Вот в такие мы игры играем с прадедушкой. В исторические.
На нашей даче в саду есть беседка. В самом конце сада. Старая беседка, трухлявая. Кустами обросла до крыши. Утонула в кустах. Там удобно хорониться, когда мы, дети, играем в прятки.
Эту беседку облюбовали самые старые жители дачного поселка — старые большевики, которые, уцелели после сталинских расстрелов и вышли на свободу еле живыми. Человек пять древних дедушек. Для моего поколения — прадедушек. Седых и лысых, сгорбленных, еле ноги передвигающих. Их при Сталине долго таскали по тюрьмам и били. Другие быстро умирали, а эти оказались самыми живучими. Они всех пережили. И царя, и Ленина, и Сталина.
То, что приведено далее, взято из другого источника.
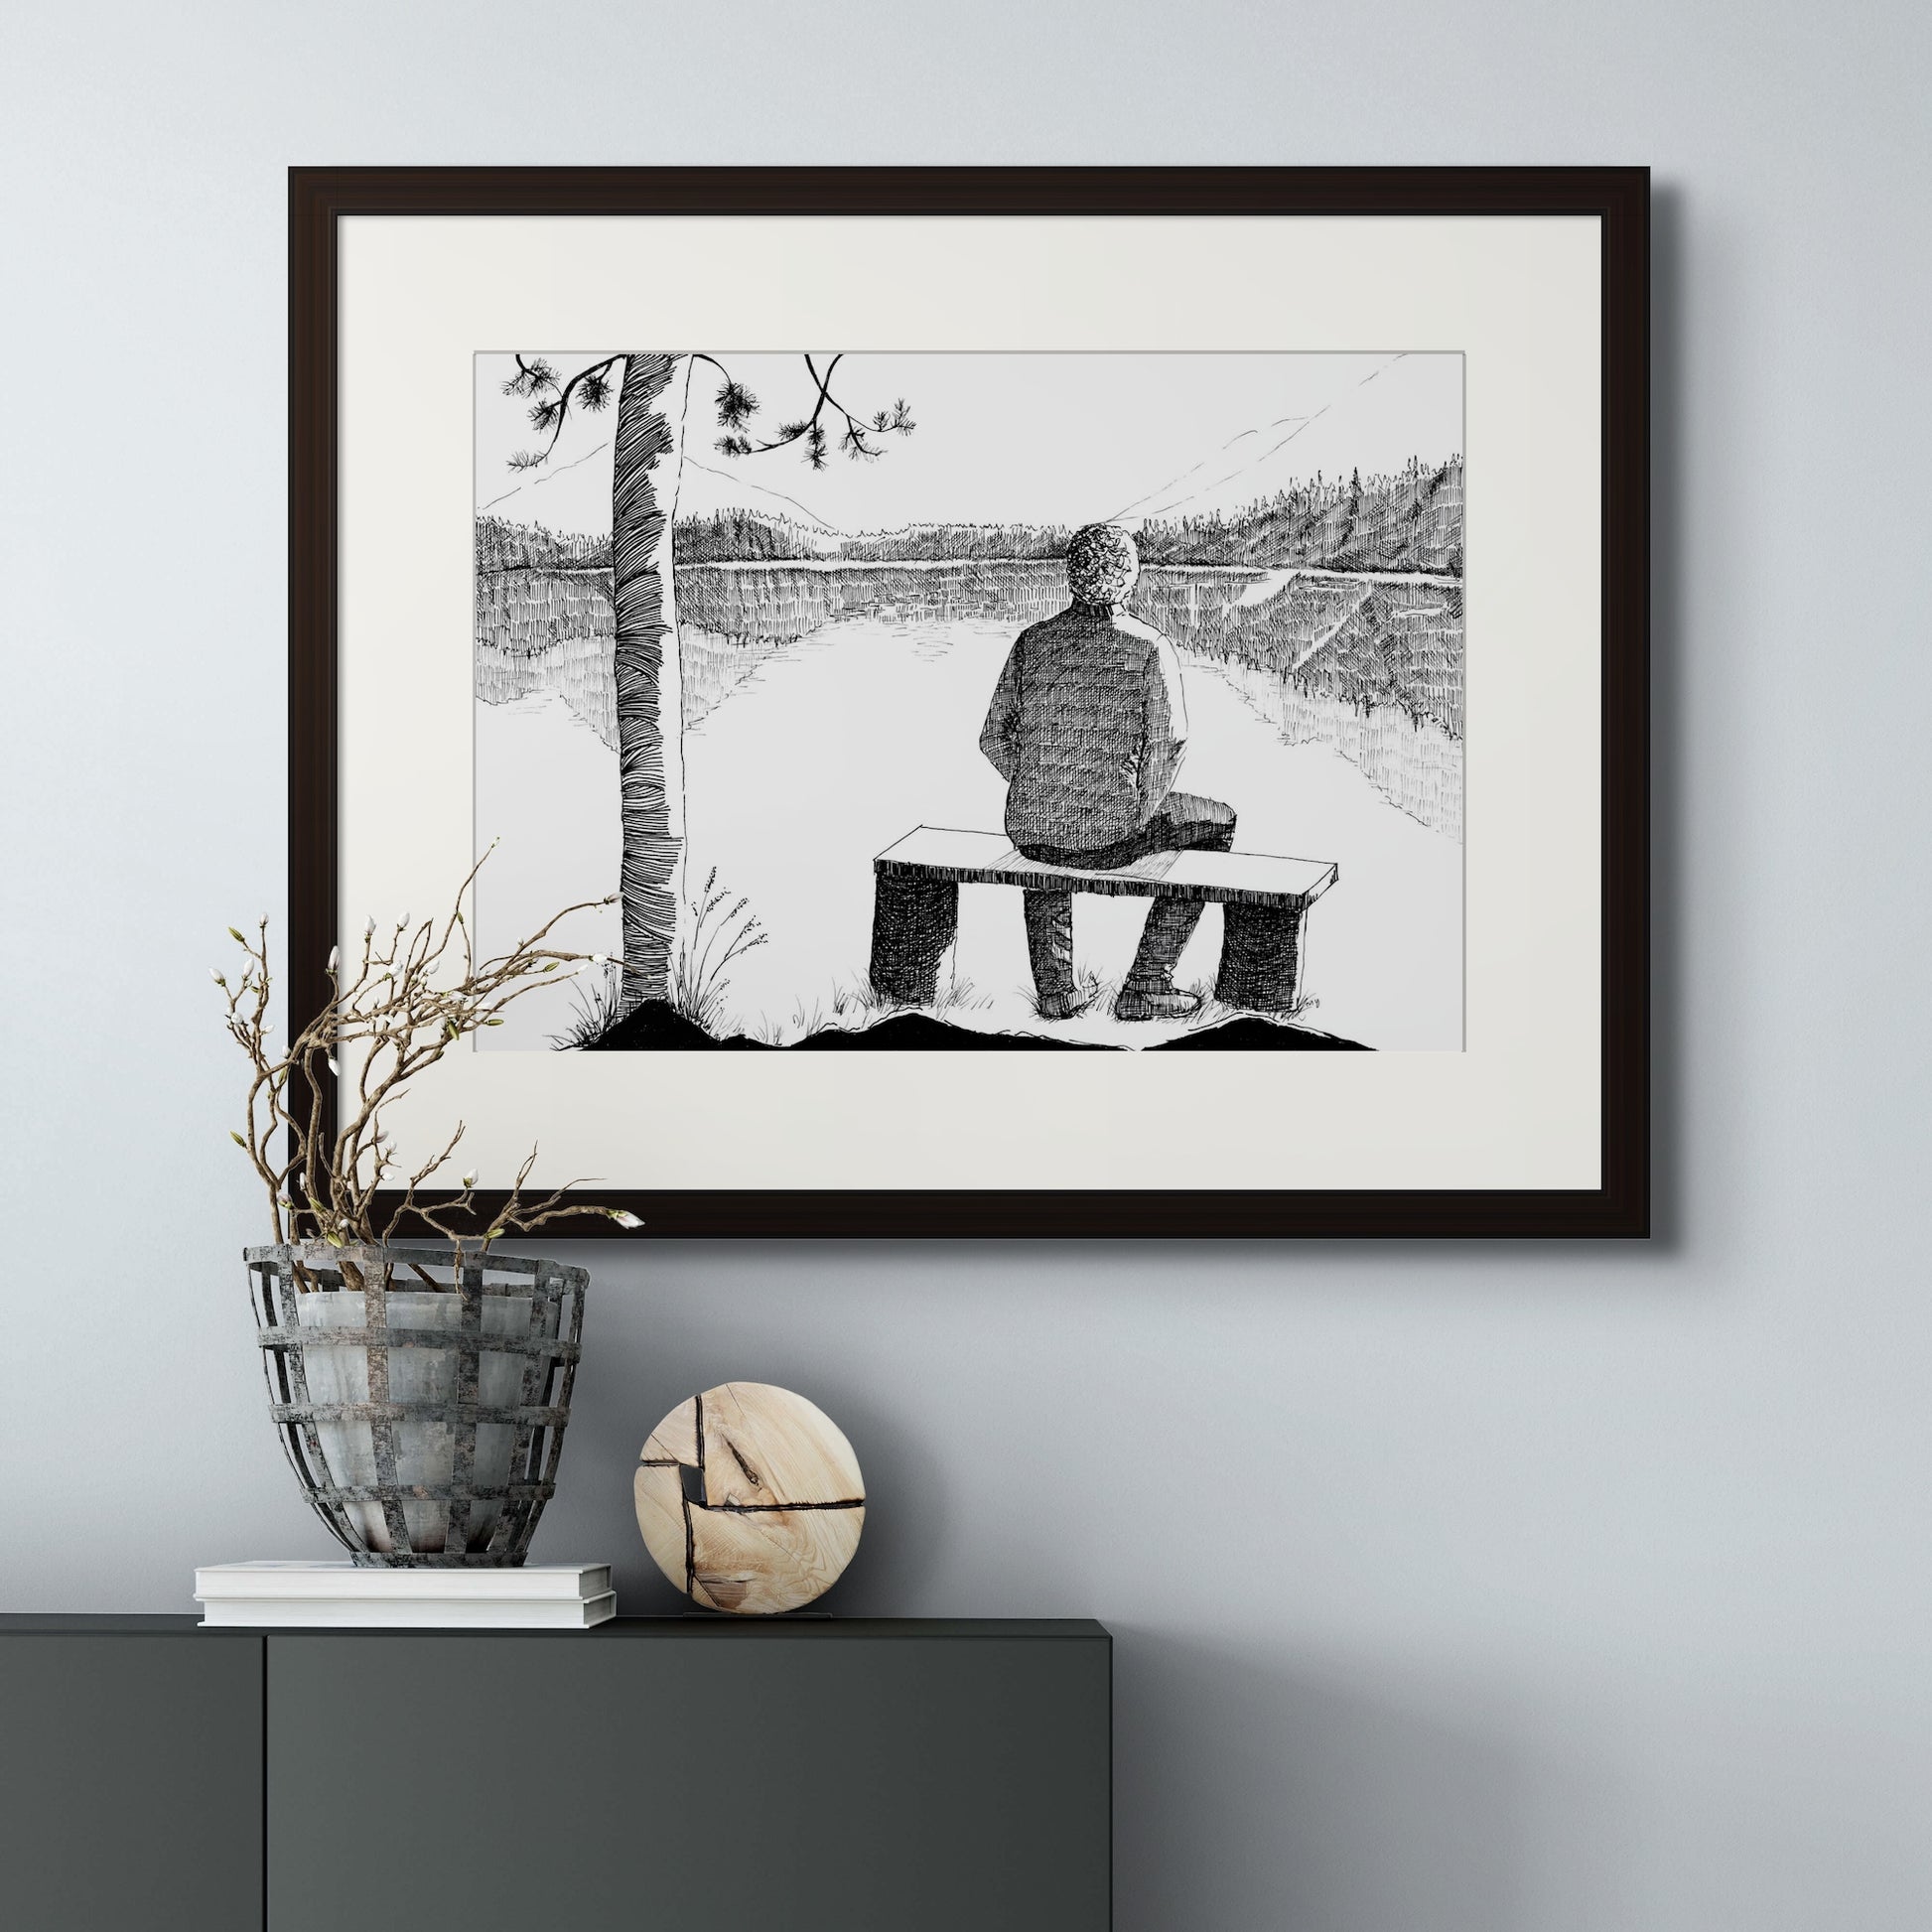 Image: line drawing landscape scenery of lake and mountain with a man seated on a bench. Giclée art print with black frame and cream colour mat.

И даже Хрущева.
Самый знаменитый среди них мой пра.
При царе, когда готовилась революция, они, тогда совсем молодые революционеры, собирались в укромных местах, подальше от полиции и обсуждали положение.
Теперь при той власти, которую они сами установили и которая им за это заплатила тюрьмой и Сибирью, они снова собираются в укромном месте и там шепчутся. Чтоб никто не слышал.
Это укромное место — наша беседка. А нас, правнуков, просят постоять в саду на часах и при появлении опасности, например постороннего человека, дать им условный сигнал. Они тогда прикусят язык и умолкнут. И станут себе играть в домино, как ни в чем не бывало.
Нам, детям, поначалу нравилась такая игра. Мы чувствовали себя, как те юные революционеры, которые совершали подвиги в царское время, приближая час революции. Как об этом мы читали в детских книжках. И стояли на часах и следили за всеми дорожками. Нет ли посторонних. Посторонними считались даже наши родители.
Мой отец сказал однажды, видя, как старики ковыляют к беседке:
— Старые болтуны! Не могут успокоиться! Сибирь их не остудила!
Хорошо, старые большевики были глуховаты, им при допросах слух отбили, и не слышали папиных слов, а то обиделись бы.
А зачем обижать стареньких?
Вот и я не хотела обижать. Думала лишь пошутить. Мне скучно стало наблюдать за прохожими, и я тихонько подкралась к беседке, раздвинула ветки, а там седые и лысые головы склонились друг к другу и шамкают беззубо. Что-то вроде:
— Идеалов нет… Всю Россию разворуют… От революции запаха не осталось… Тирания…
А я как гаркну грубым мужским голосом:
— Руки вверх!
Я ведь только пошутить хотела. А получилось такое! Один старый большевик, как младенец, в штаны наделал, а другого отпаивали валерианкой. Слава Богу, никто не умер. Закаленный народ.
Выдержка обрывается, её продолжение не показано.